2. The evidence-based evaluation system for traditional Chinese patent medicine beyond the scope of approved labeling based on large language models according to claim 1, wherein: The literature classification model includes a deep learning algorithm, a feature extraction module, and a classification decision module.
3. The evidence-based evaluation system for off-label use of traditional Chinese patent medicines based on large language models according to claim 1, characterized in that: The key information extraction model includes a key information extraction template, a Prompt template, and a large language model.

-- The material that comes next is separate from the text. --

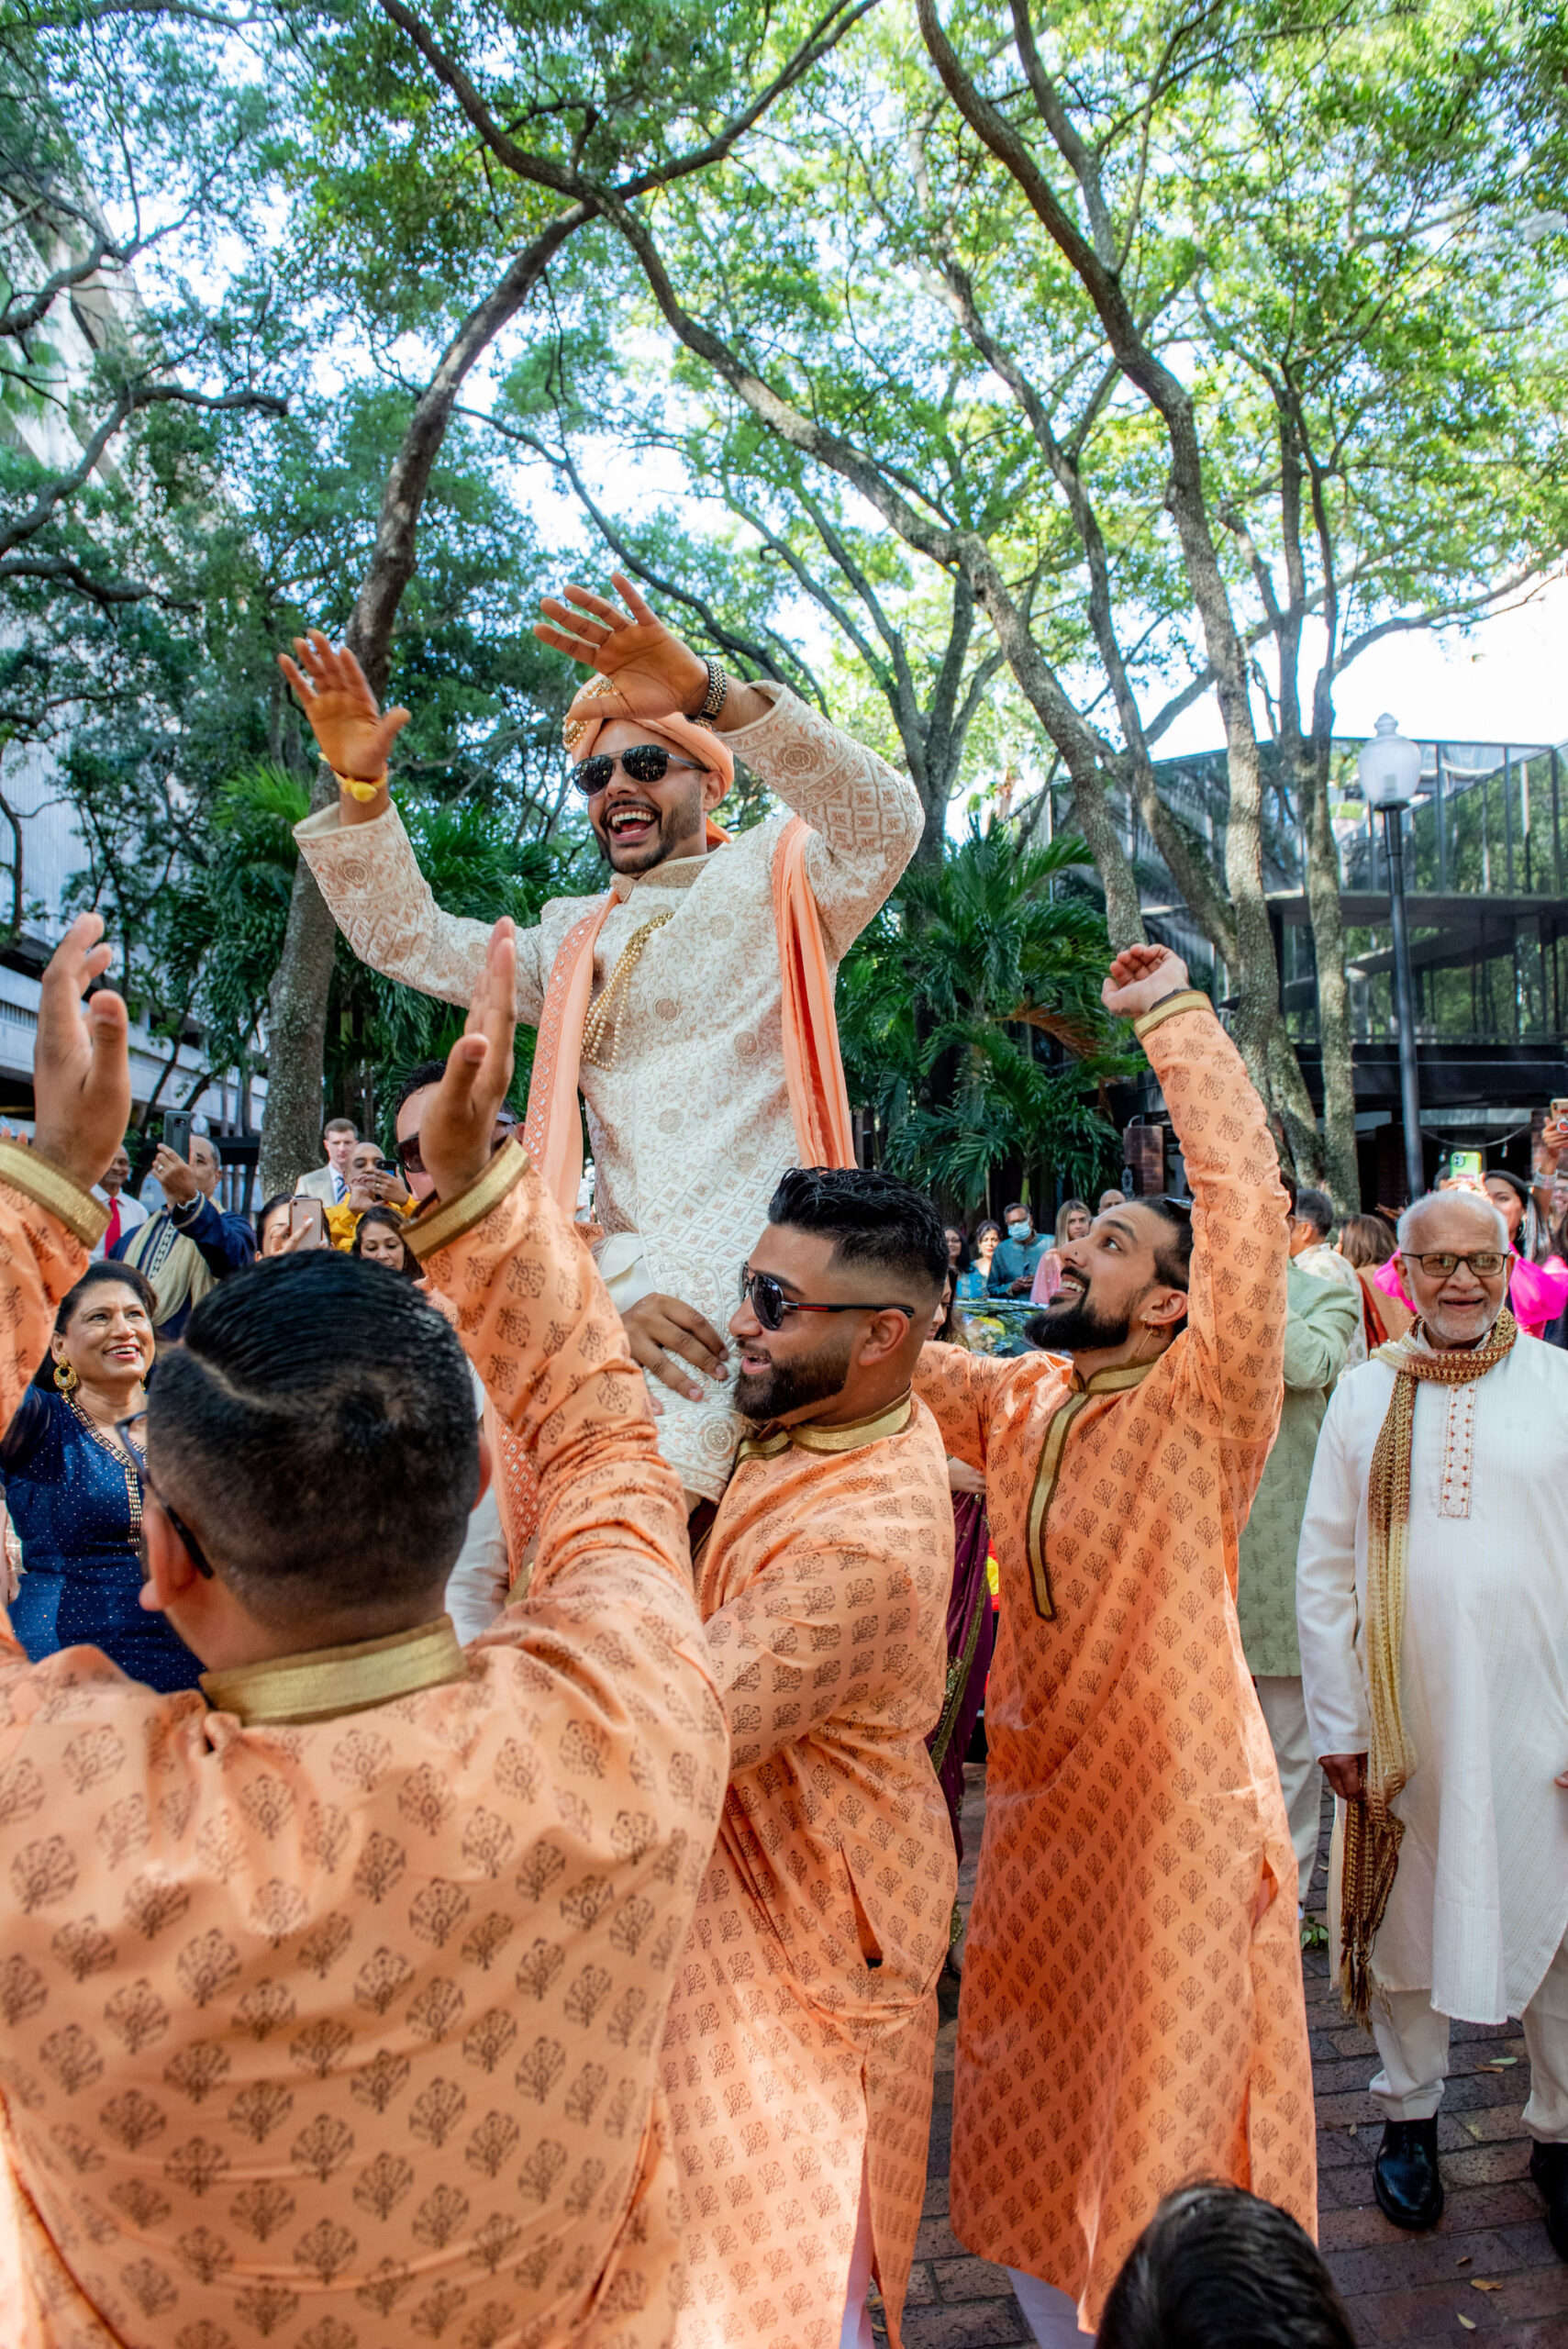 Florida Groom Baraat in Traditional Indian Wedding Entrace, Wearing Kurta in Gold, Coral |Tampa Bay Wedding Venue Hilton Downtown Tampa

4. The evidence-based evaluation system for off-label use of Chinese patent medicines based on large language models according to claim 1, wherein: The evidence automatic grading model includes an evidence grading rule library, an evidence evaluation module, and a grading decision module.
5. The evidence-based evaluation system for off-label use of traditional Chinese patent medicines based on large language models according to claim 1, characterized in that: The intelligent evidence-based report generation model includes a report template library, a data integration module, and a report generation module.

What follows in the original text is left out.